Employers on the fence are most certainly not alone, she says, noting that organizations often want pay systems and allocations to be perfect before starting on pay-transparency initiatives, for fear of what employee reactions might be.
“This is true for about 90% of organizations,” Krasniewska says.
“Employees already think pay situations are bad,” she adds. “In fact, employees perceive equity and fairness situations much worse than they are.” Krasniewska recommends a carefully considered transparency strategy, which give organizations the best path to inform and educate employees about pay and pay process, building confidence in the pay system.
“We often work with organizations on a roadmap to get started on pay transparency, so that organizations can keep moving forward on transparency regardless of starting point,” she says.
Regardless of where they launch, Krasniewska says, all organizations can make strides in pay transparency. She explains that when employers pursue the three most impactful areas of pay transparency–how to influence pay through performance; how payouts are determined; and how an organization considers internal and external equity–they can increase employee confidence by up to 15%. That, in turn, is correlated to engagement, performance and retention. She notes that the biggest mistake Gartner sees organizations make is waiting too long to start on pay transparency.
“Organizations need to remember that, just because they themselves are not communicating to their employees about pay doesn’t mean that no one is communicating to employees about pay–there are always external sources filling the void,” she says, noting that those sources don’t spend nearly as much time confirming that their information is correct, which only increases the work organizations will have to do in the long run to build employee confidence.
Gartner finds that that transparency actually serves three major needs for employees:
- Basic understanding: This is the notion that, if organizations share more about pay, employees will better understand pay itself and how to interpret the onslaught of outside data and sources about pay.
- A notion of fairness in employees: Organizations will need employees to move beyond knowing their pay amount to understanding the practice around pay, and a belief that these practices and allocations are fundamentally fair at their organizations.

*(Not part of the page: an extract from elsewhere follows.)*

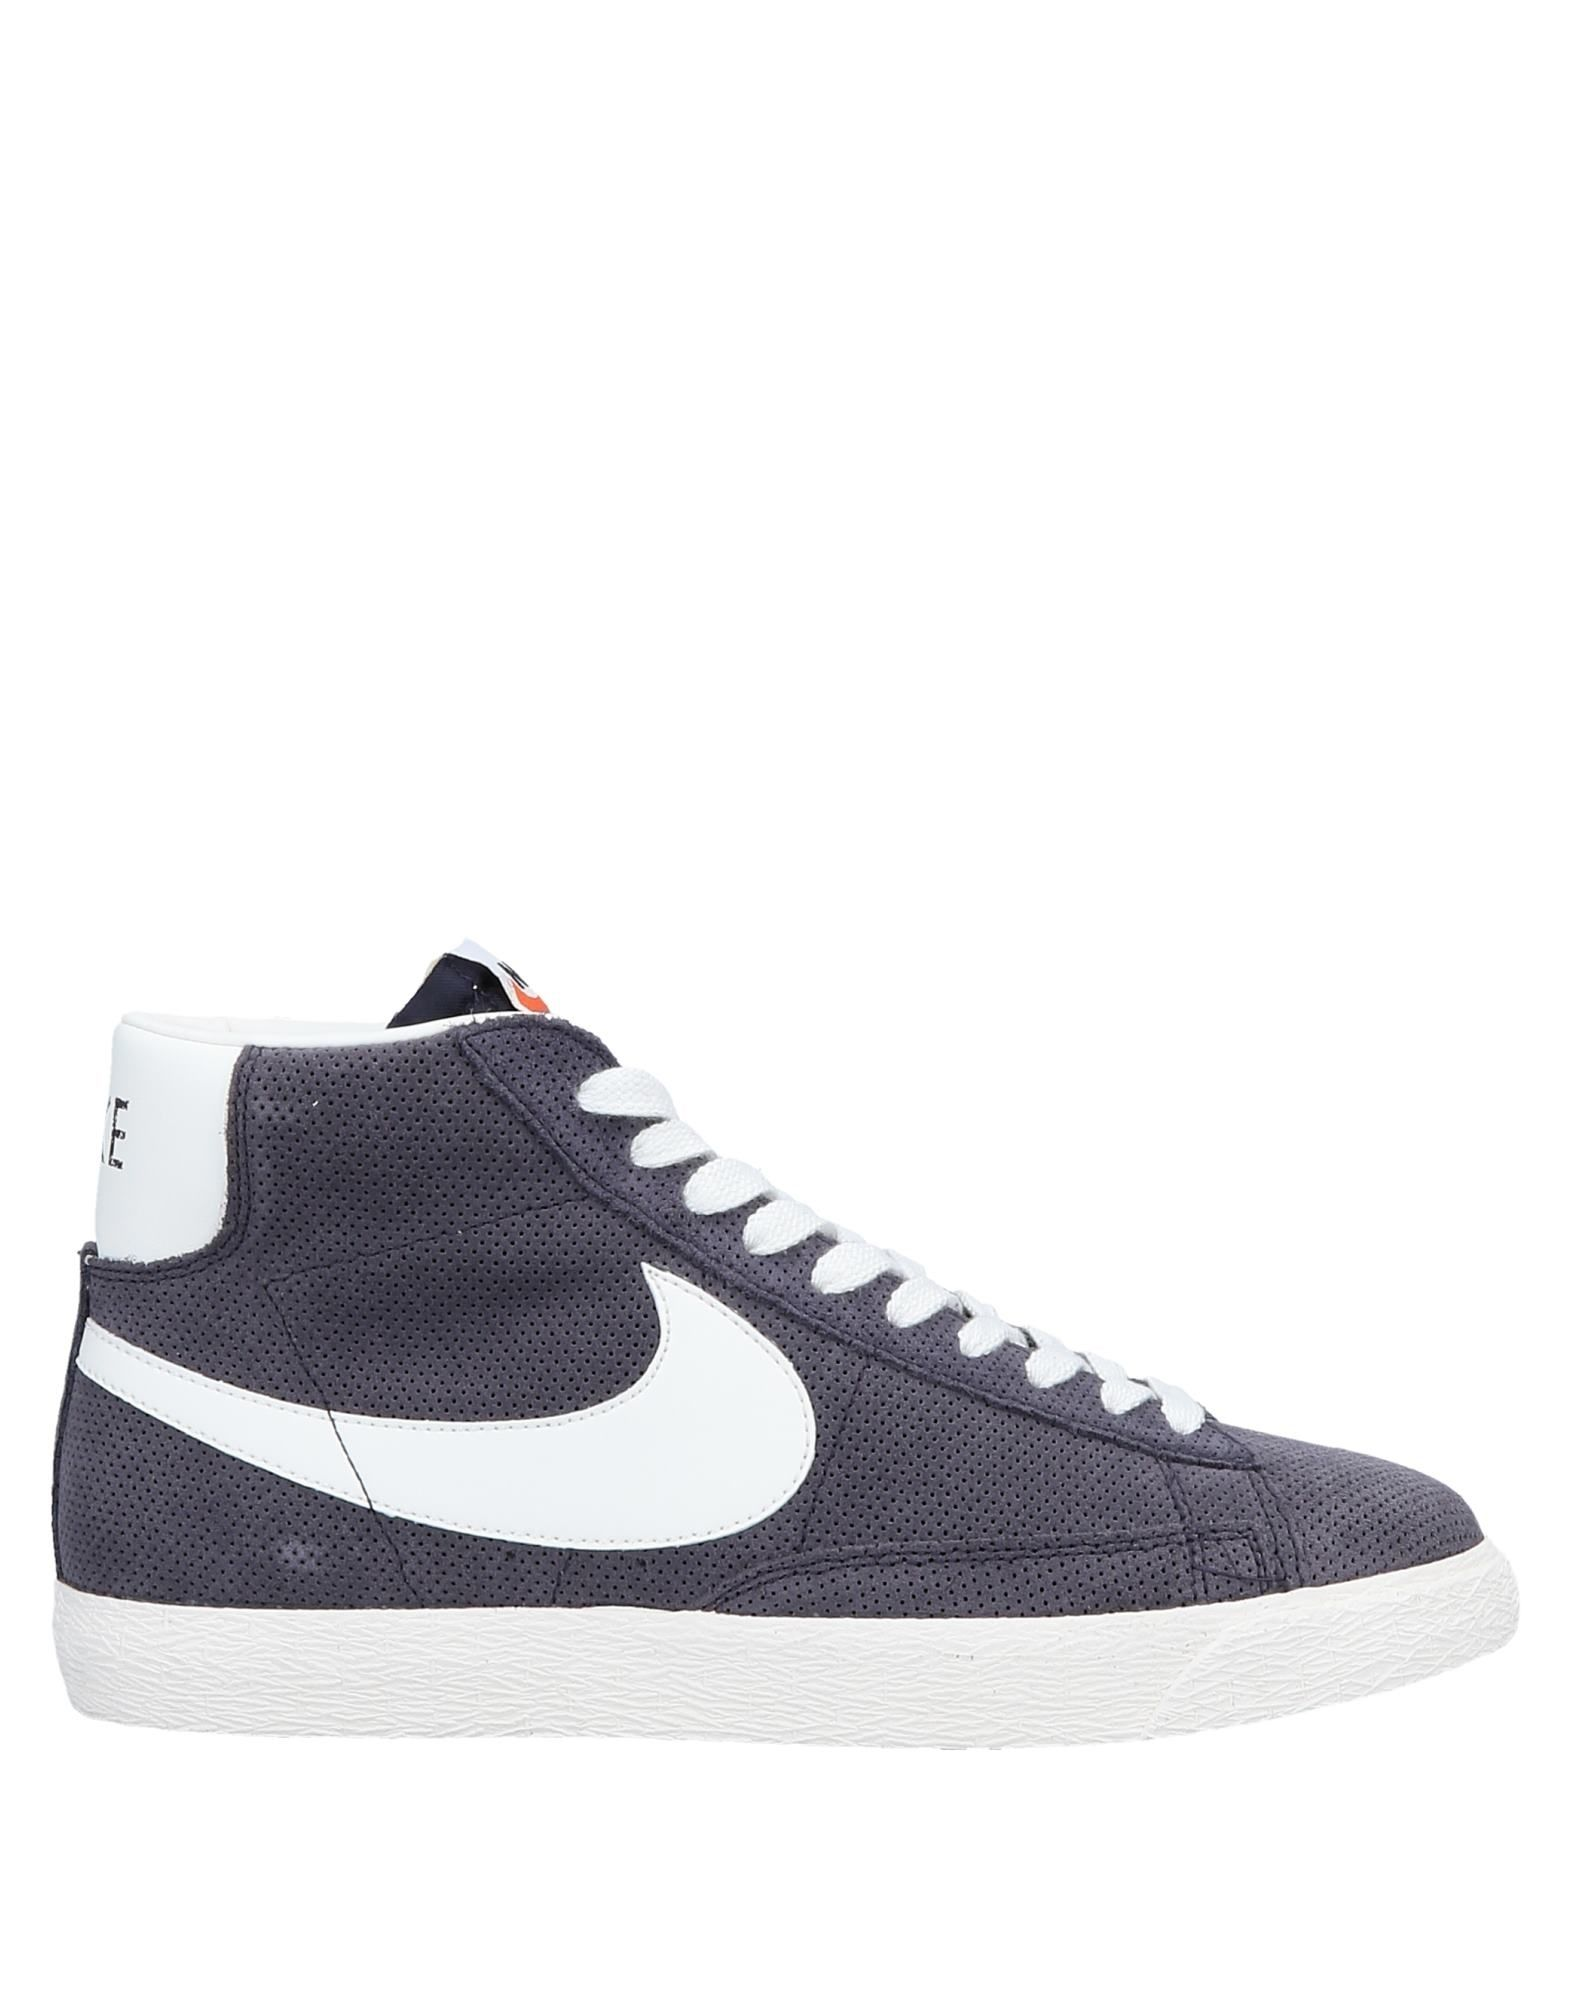 Rabatt echte Schuhe Nike Sneakers Herren  11572897DV

- Build–but also regain–trust in the organization: With so many external factors–whether it’s outside sources or screaming headlines–most companies want their employees to rebuild institutional trust in the organization, especially when it comes to pay.
“When organizations design and implement their pay-transparency strategies around those three needs, they see significant gains in employee performance, retention and confidence in the organization,” Krasniewska says.
Mercer’s Rahman expects employee expectations for pay transparency to continue to grow in the years ahead, and that employers’ transparency will follow suit–both to meet employee demands and to address the public information about what and how companies pay.
To Rahman, the reality is that how and what a company pays is already in the public domain.
“Arguing whether self-reported data are accurate or not misses the point that people–and not the company–are telling the story of pay,” he says. “So, why wouldn’t a company want to take point a view on what their story actually is?”